親と話し合う機会がないまま何かあったときでもノートを手掛かりに親の要望や考えを知ることができます。

知りたいことが書いていなくても何かしらのヒントを得ることができます。

親族の意見が食い違った際にも『親はこう考えていた』ということがわかれば落としどころが見つかります。

ただし、ここで大切なのは親が必ずしも積極的ではないということです。

自分の死後のことを書くなど、想像もしたくありませんし、考えたくもないことだと思います。

自分から興味を持ち、前向きな気持ちでエンディングノートを始める人もいれば『なんでそんなことしなきゃいけないの!!』『私を殺す気なの!!』と自分を必要としていないのでは、いらないものと言われているのではないか、と否定的な感情を与え、信頼を失う原因になります。

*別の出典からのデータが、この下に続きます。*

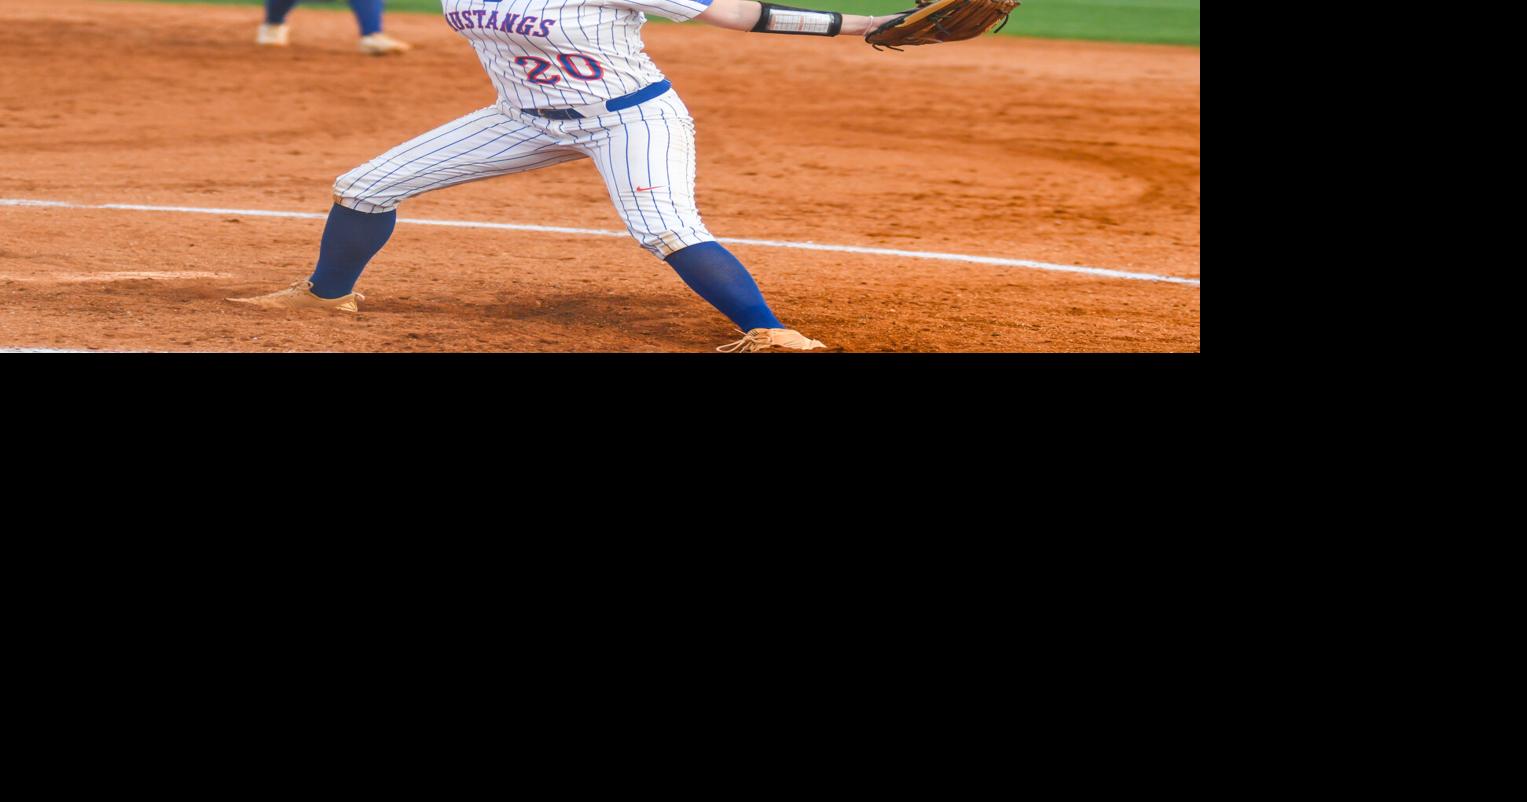 Local Sports: Midland Valley Softball Triumphs over Easley in Playoffs

本人が消極的なのに、第三者がとやかく言うのは逆効果です。

行動しないのには、理由があるのではと考えてみてください。もともとの性格かもしれませんが、積極的になれない理由が必ずあります。気持ちを無視して強引に物事を運ぶのはお互いに精神を消耗するだけで解決にはつながりません。

介護する側である家族ができることは『きっかけ』をつくってあげることです。

そのためにまずは自分が作ってみましょう。何かを教えるときにベストの方法が『相手の見本になる』ことです。

自分のエンディングノートを作成してみて、親に見せましょう。最初は親も不審に思います。

しかし、実際にみてみると病気になったときや介護が必要になったとき、いつか訪れる最期をどう迎えたいかなどを話すきっかけになります。

また、実際に書いてみると書くときに困ることなども見えてきて相手への説明もしやすくなります。

まずは、自分がお手本になる気持ちでエンディングノートを作成してみてはいかがでしょうか。
何かあったときのために、自分の意思や伝えたいことを書き留める『エンディングノート』

今回はエンディングノートに書くべき内容のごく一部をご紹介しました。

エンディングノートに法的効力はありません。

しかし、自分の意思を確実に家族に伝えられる大切なものです。

生前伝えられなかった思い、どのような内容でもいいと思います。

『ありがとう』『ごめんなさい』『うれしい』『かなしい』、沢山の感情が人間にはあります。

後悔がないよう、気持ちを文章に残しておいてみてはいかがでしょうか。